Could be explained by a British intervention to liberate the country against the Axis, after many setbacks for Tito's army and his death fighting overwhelming Axis forces.

Hope you like it... there are a few things I'm not too happy about, the name of the Nish 'realm', and what to do with Albanian language (official or regional).

http://enannglenn.deviantart.com/art/Commonwealth-of-Yugoslavia-115041330
:eek::eek::eek::eek::eek::eek::eek: DO GERMANY NOW!!! :D:eek::(
 
+ the rampant hegemonic attitude of Serbia first (Greater Serbia) and then Craotia (Ustashe Croatia) on the other hand.

+ the fact that Tito's Federal Republic, composed of mainly nation states failed to stay united after his death.

I wanted to try something else : a federation of smaller units compared to Tito's nation states, and with more historical signification than the Banovinas.

Oh, I was just being silly...not sure it will turn out any better, but it's not necessarily going to be _less_ stable than the mess we got OTL.

Bruce
 
A map and a bit of blather based on Gordon Eklund's "The Rising of the Sun", in the collection "Beyond Time", editor Sandra Ley.

This is a world where the Chinese discovered America in early Song times, stayed to trade but settled slowly enough for the locals to adapt, and the dominant powers in 2009 are now China and the native American states.

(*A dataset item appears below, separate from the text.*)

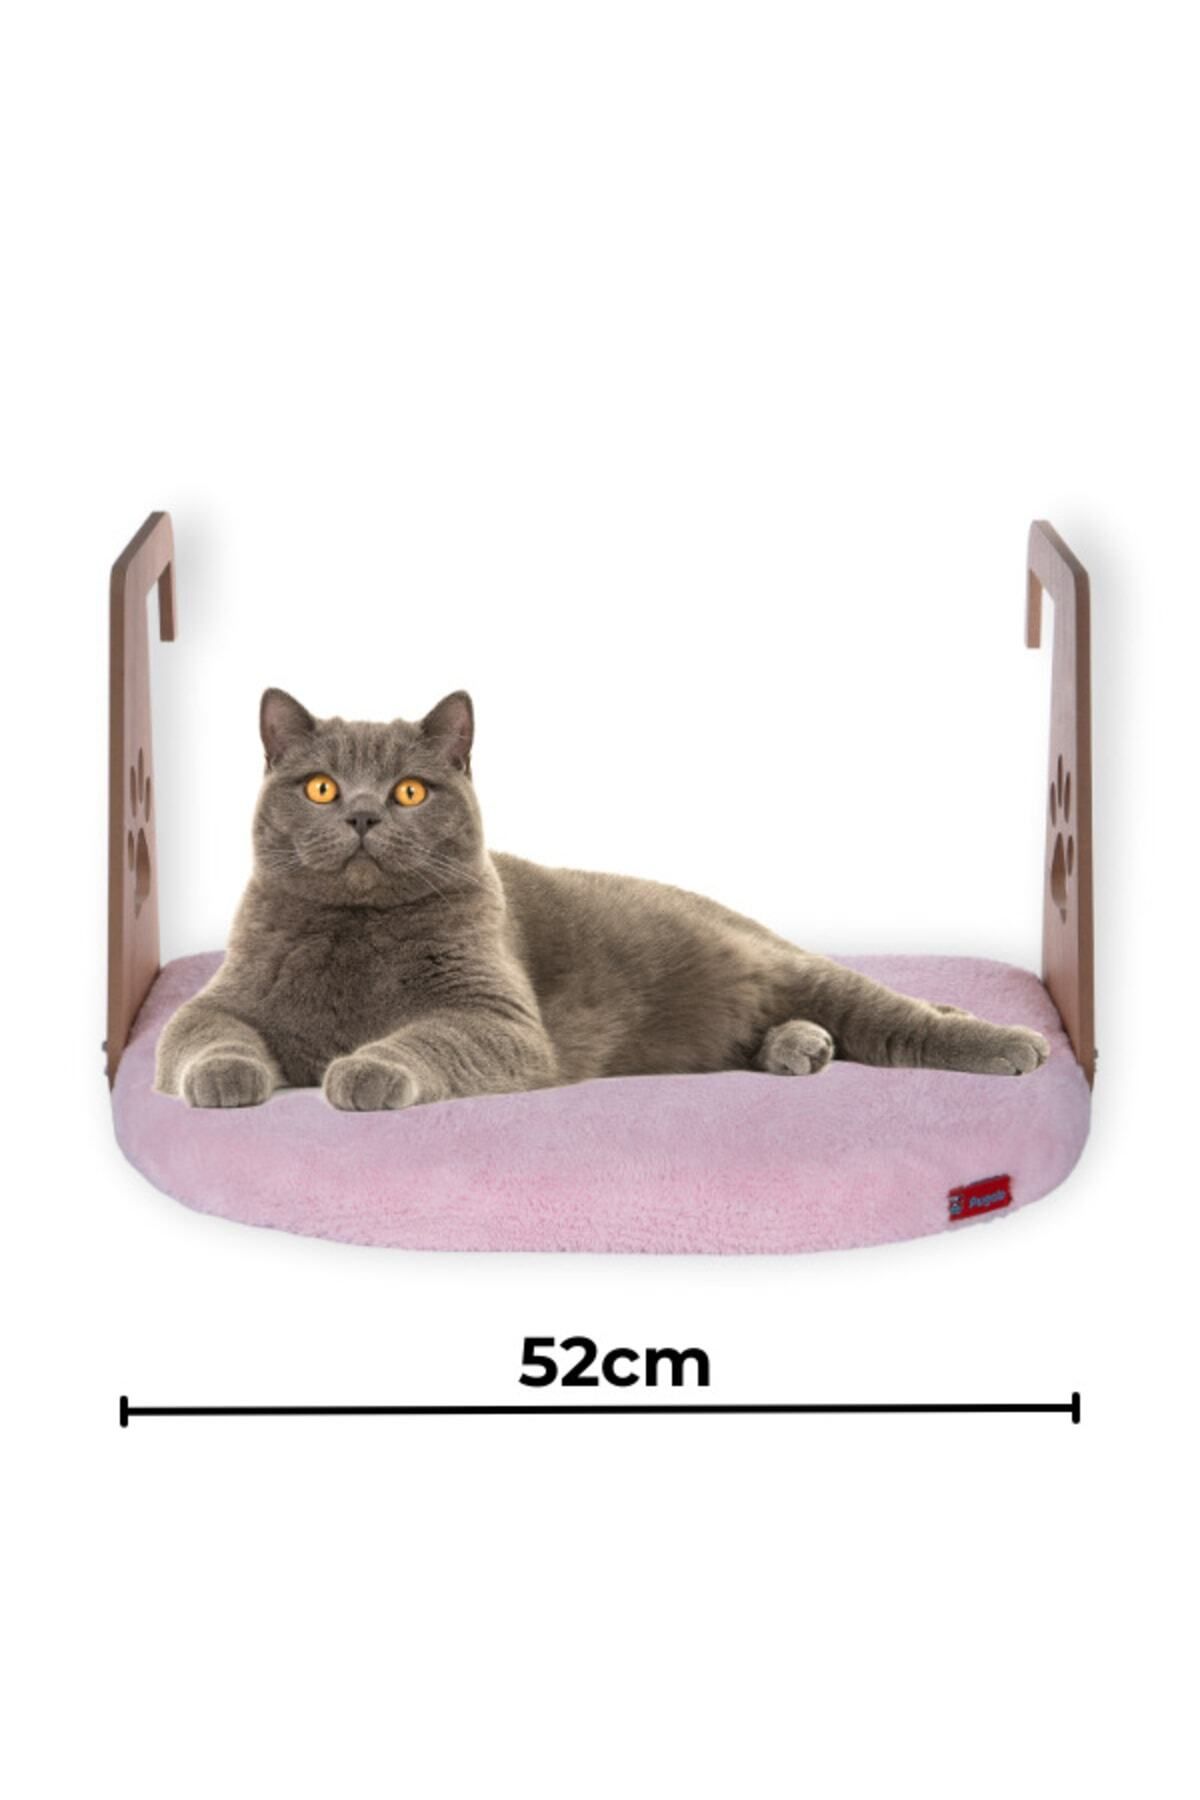 PUGALO Kalorifer Petek Radyatör Yatağı Kedi Köpek Geniş Kalorifer Yatağı Peluş Pembe Renkte

China is no. 1: to the Chinese, Europe, Africa, and west Asia are little more than an amusing ethnographic zoo, and currently far more interest is focused on the Mars expedition rather than who is at war with who in Europe or Africa. More noteworthy are the native American states, which in some ways are _more_ technologically advanced than China: it was the Great-Lakes centered federation that first developed an atom bomb during their long mid-century war with the Mexica empire. However, the relatively small populations of the Amerindian states means that China still has a far larger economy than any of them (heck, none of them can afford a space program as fancy as the Chinese, leading some Chinese skeptics to suggest the whole space program is just a bunch of national powdered rhinocerous horn).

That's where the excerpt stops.